START Provided material
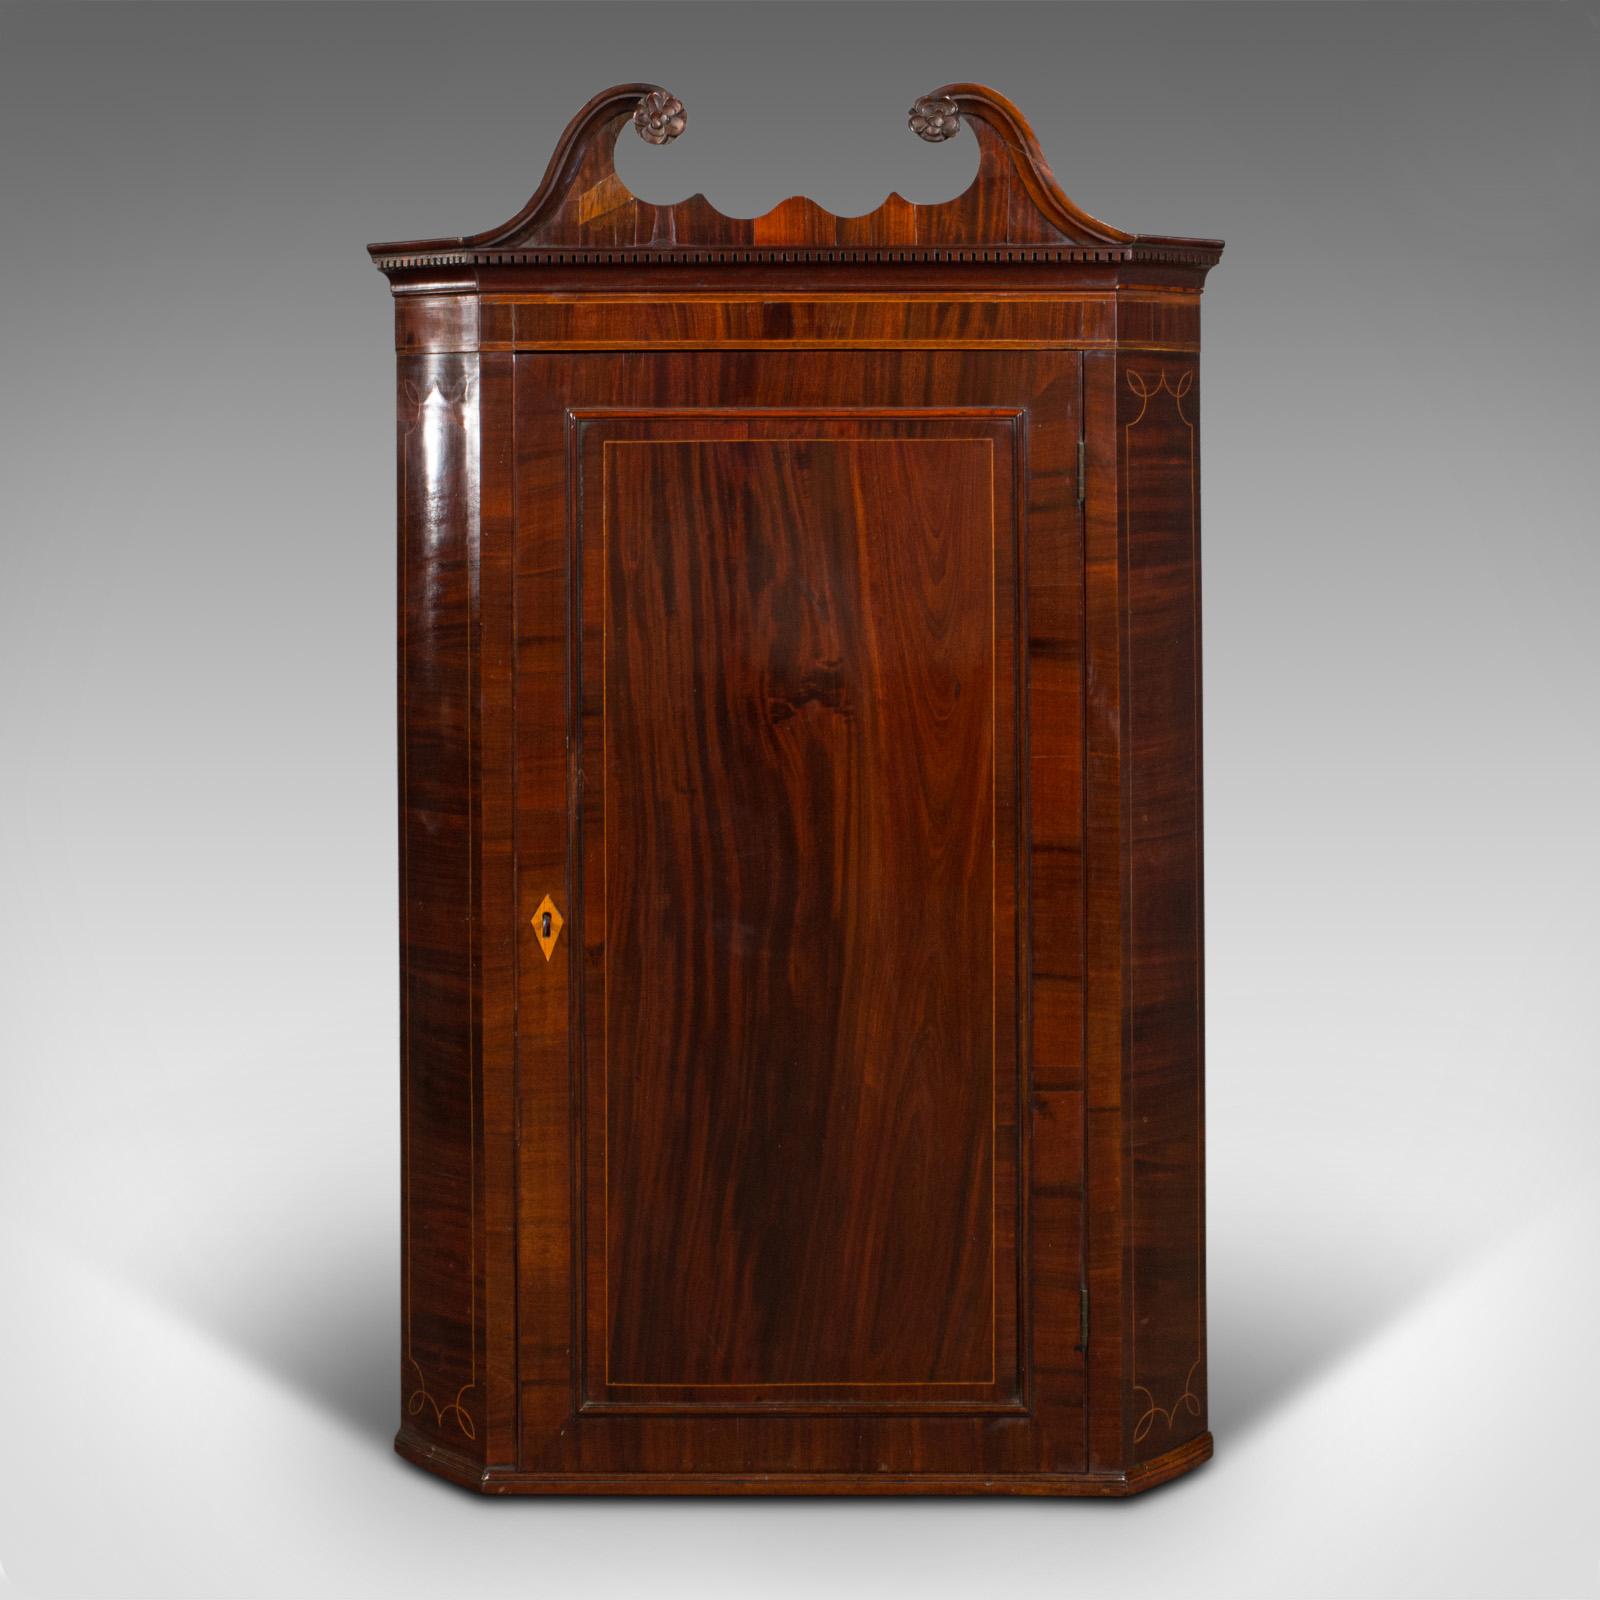 This is an antique corner cabinet. An English flame mahogany and boxwood inlaid wall cupboard, dating to the Georgian period, circa 1760.

Distinctive corner cupboard graced with fine figuring and colour
Displays a desirable aged patina and in
END Provided material
__Work to be completed__. Starting with the line that contains "Distinctive corner cupboard", return each line through the last one of the data above, exactly as written and nothing more.

__Answer for the task__.
Distinctive corner cupboard graced with fine figuring and colour
Displays a desirable aged patina and in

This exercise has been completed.